A persistent shaking woke Serena from an uncomfortable sleep. Her head pounded with a terrible ache. “Ugh! What is it? What is going on?”

Jïera sat next to her, sitting up against a wall of bars. They were inside a large wagon filled with other woman and young children from their village. Jïera’s two children slept between her and Faeliel and her own child. A thin layer of hay blanketed the cold wooden floor beneath then. “We are prisoners,” she replied grimly. “The older children and the men are in different wagons.”

“I don’t remember much of anything that happened.”

“You fainted from the excitement. It’s probably best you didn’t see it. Those monsters killed anyone who tried to fight back. We had no choice but to surrender.”

“Did anyone manage to escape beforehand?” Serena asked.
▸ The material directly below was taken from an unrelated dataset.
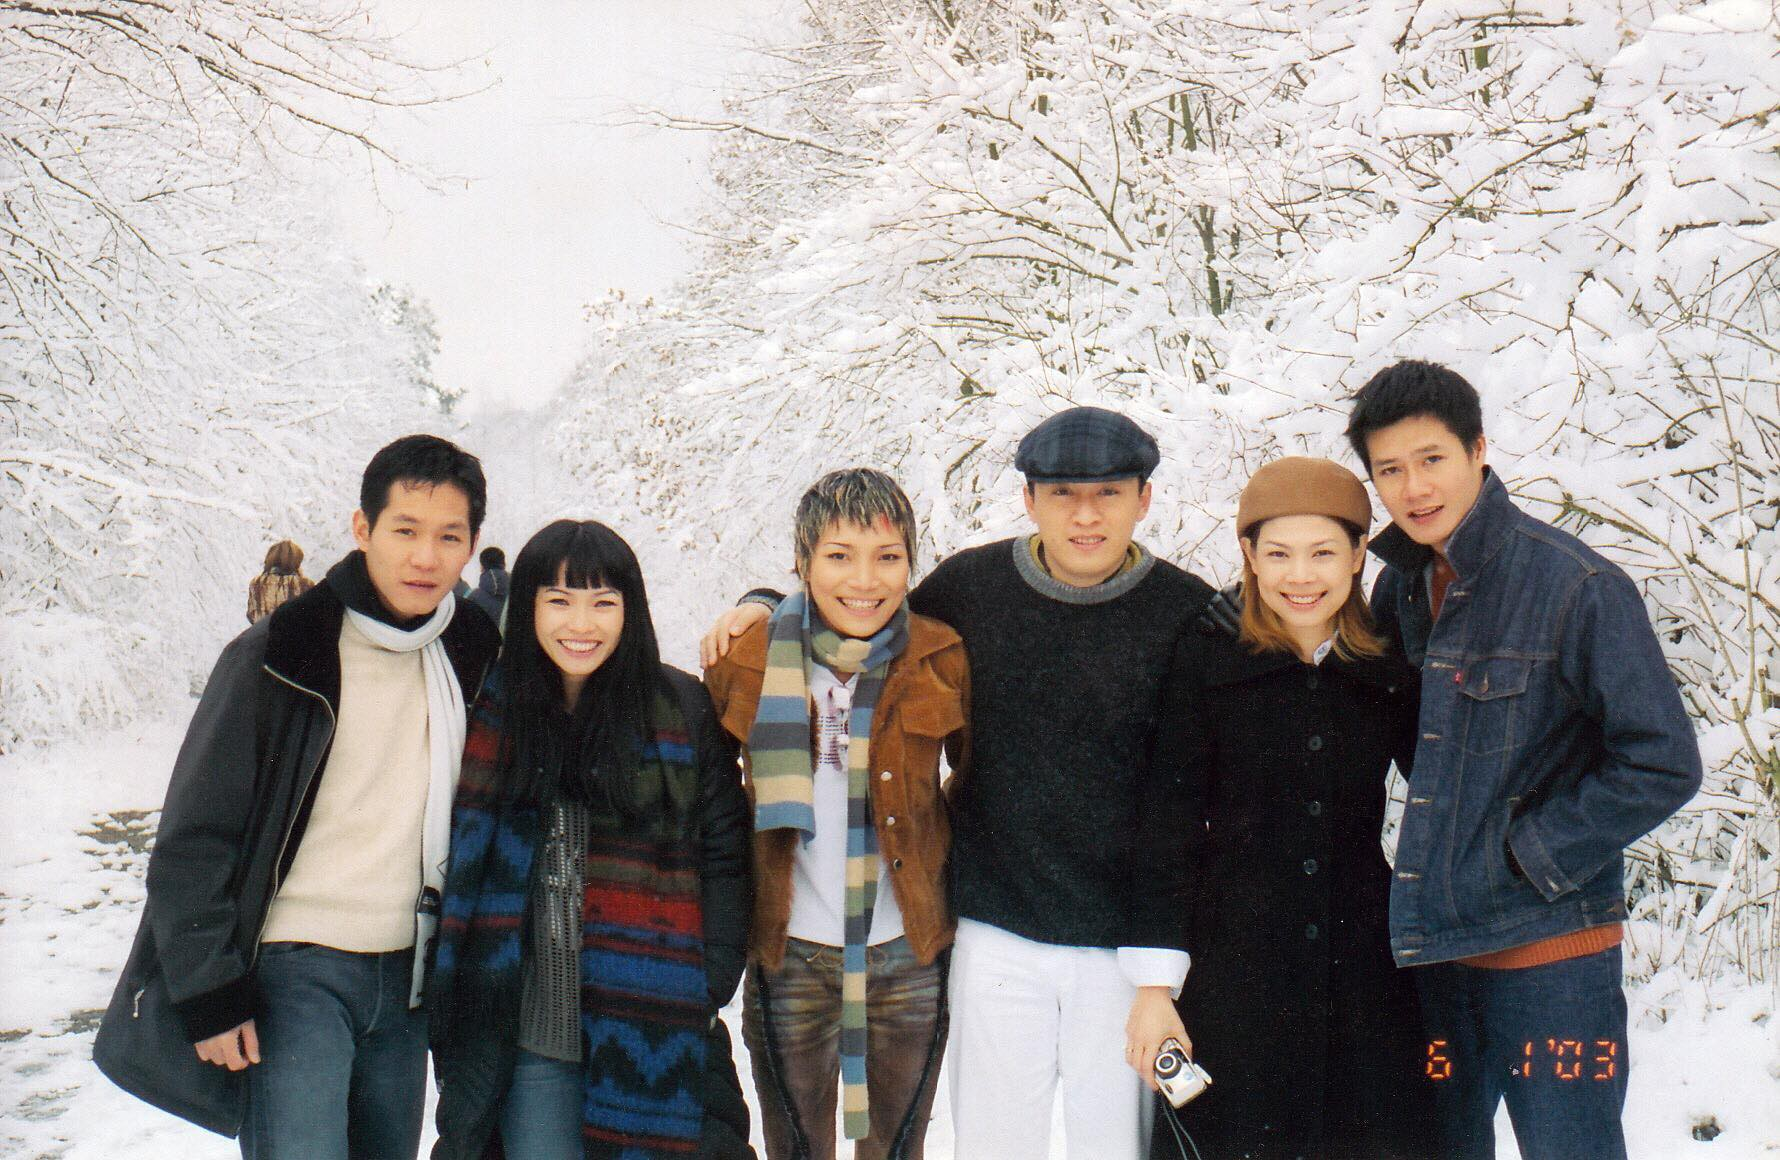 """Thanh Thảo tung ảnh 15 năm trước mừng sinh nhật Quang Dũng, nhắn nhủ: """"Anh vẫn là người đàn ông rất quan trọng trong lòng em"""" - Ảnh 1."""

Jïera shrugged. “Possibly. Everything was too chaotic for me to tell.” She held up a waterskin. “We saved some for you.”

Serena looked through the bars, trying to find anything familiar. “Any idea where we are?”
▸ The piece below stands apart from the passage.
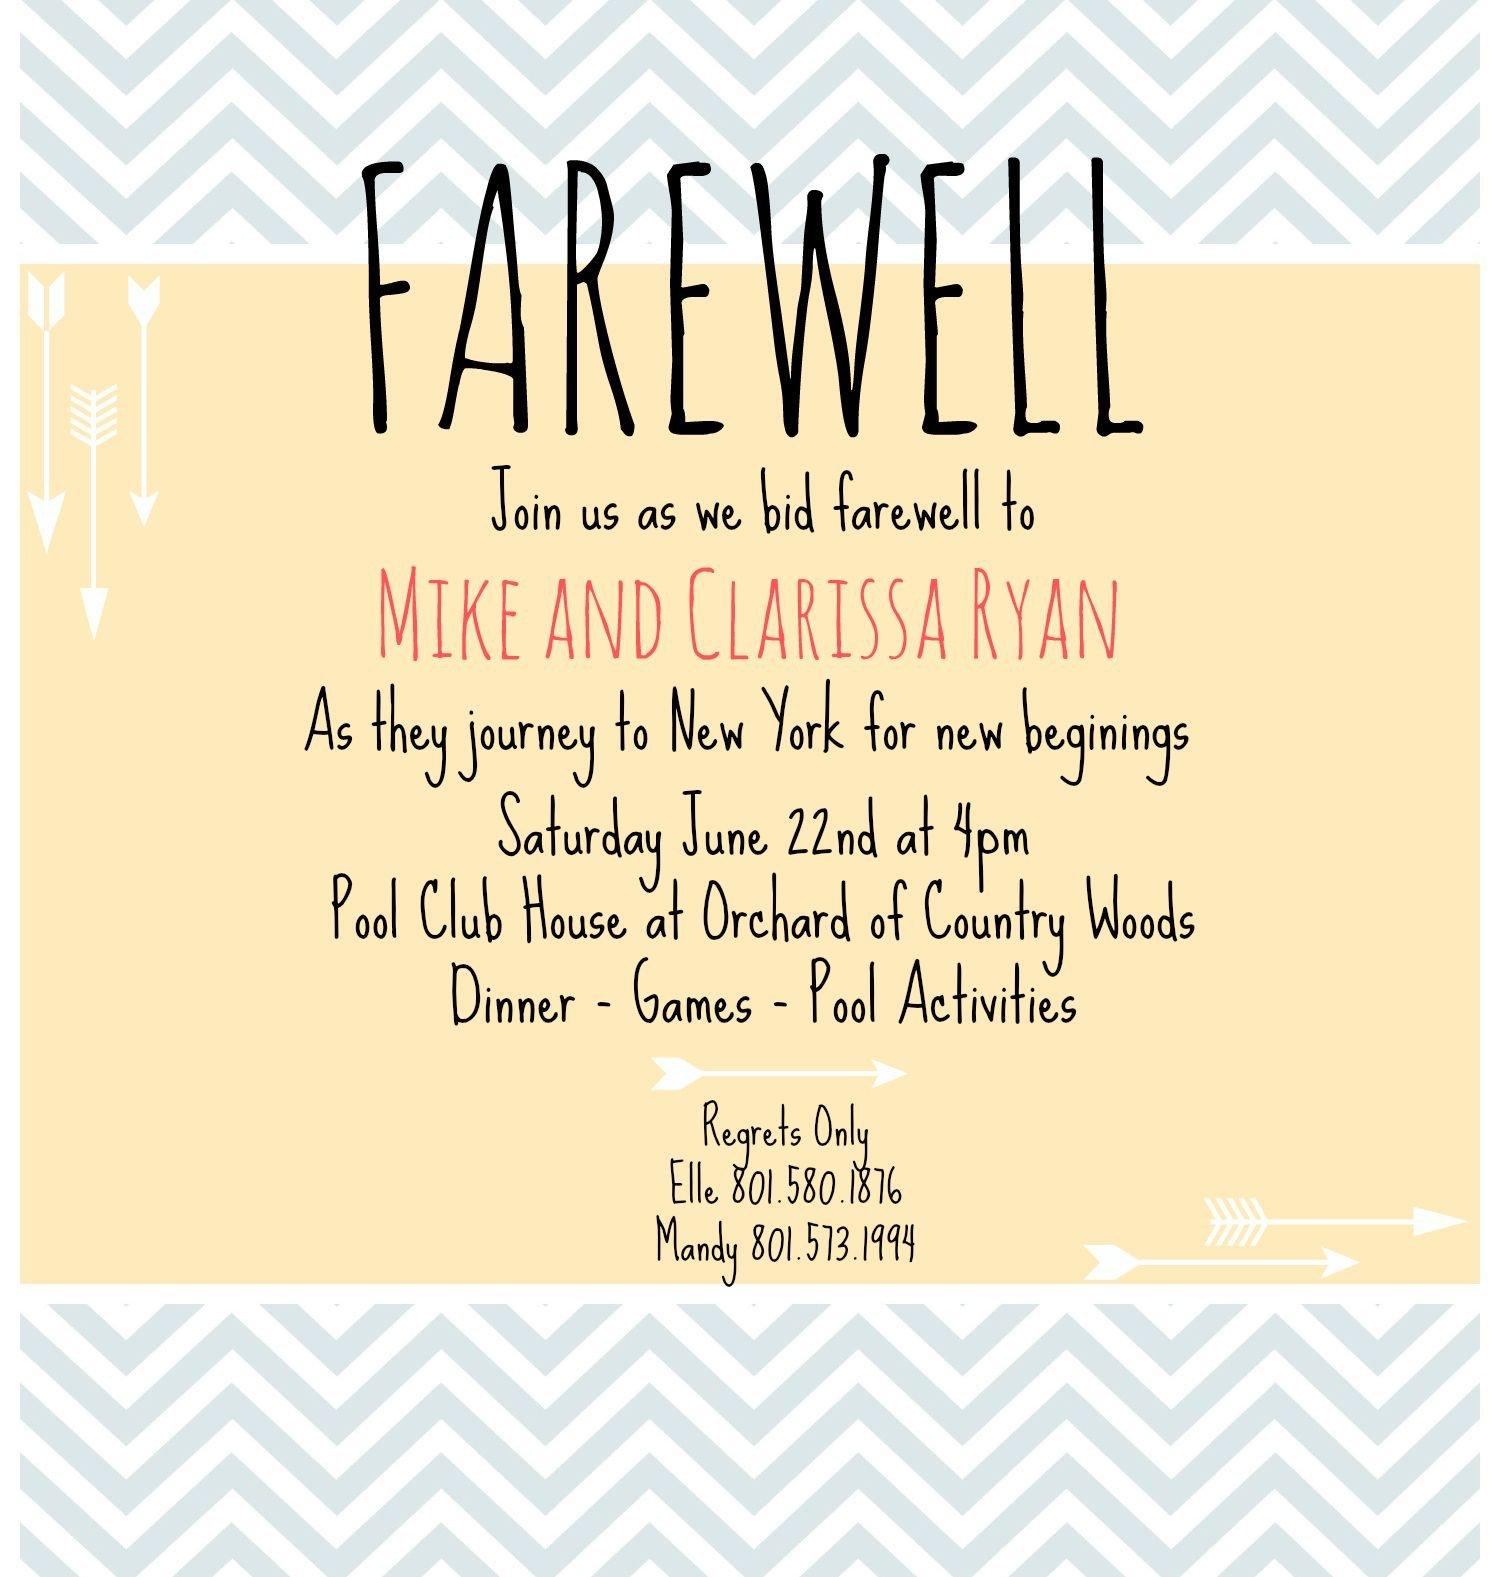 Farewell Invitation Template Free Farewell Invite Picmonkey Creations

“We’re someplace east. I think we’re leaving the Westerlands. I’ve never been so far from home before.”

“None of us have been this far,” Serena replied. She sat up stiffly and rubbed her belly. Would she have to deliver her first child like this? A cage was no place for a baby.

Jïera noticed this and quietly handed her the waterskin for her to drink. “Do you feel all right?”

Serena nodded after drinking her fill. “Just stiff.” She sighed. “I’m scared for my baby.”

“I know. We all feel the same for our children. So far, the enemy hasn’t bothered with the children. For now, at least.”

“What do they want from us?”

“I have no idea. They have already taken twenty others, but they never returned. They were probably left for dead.”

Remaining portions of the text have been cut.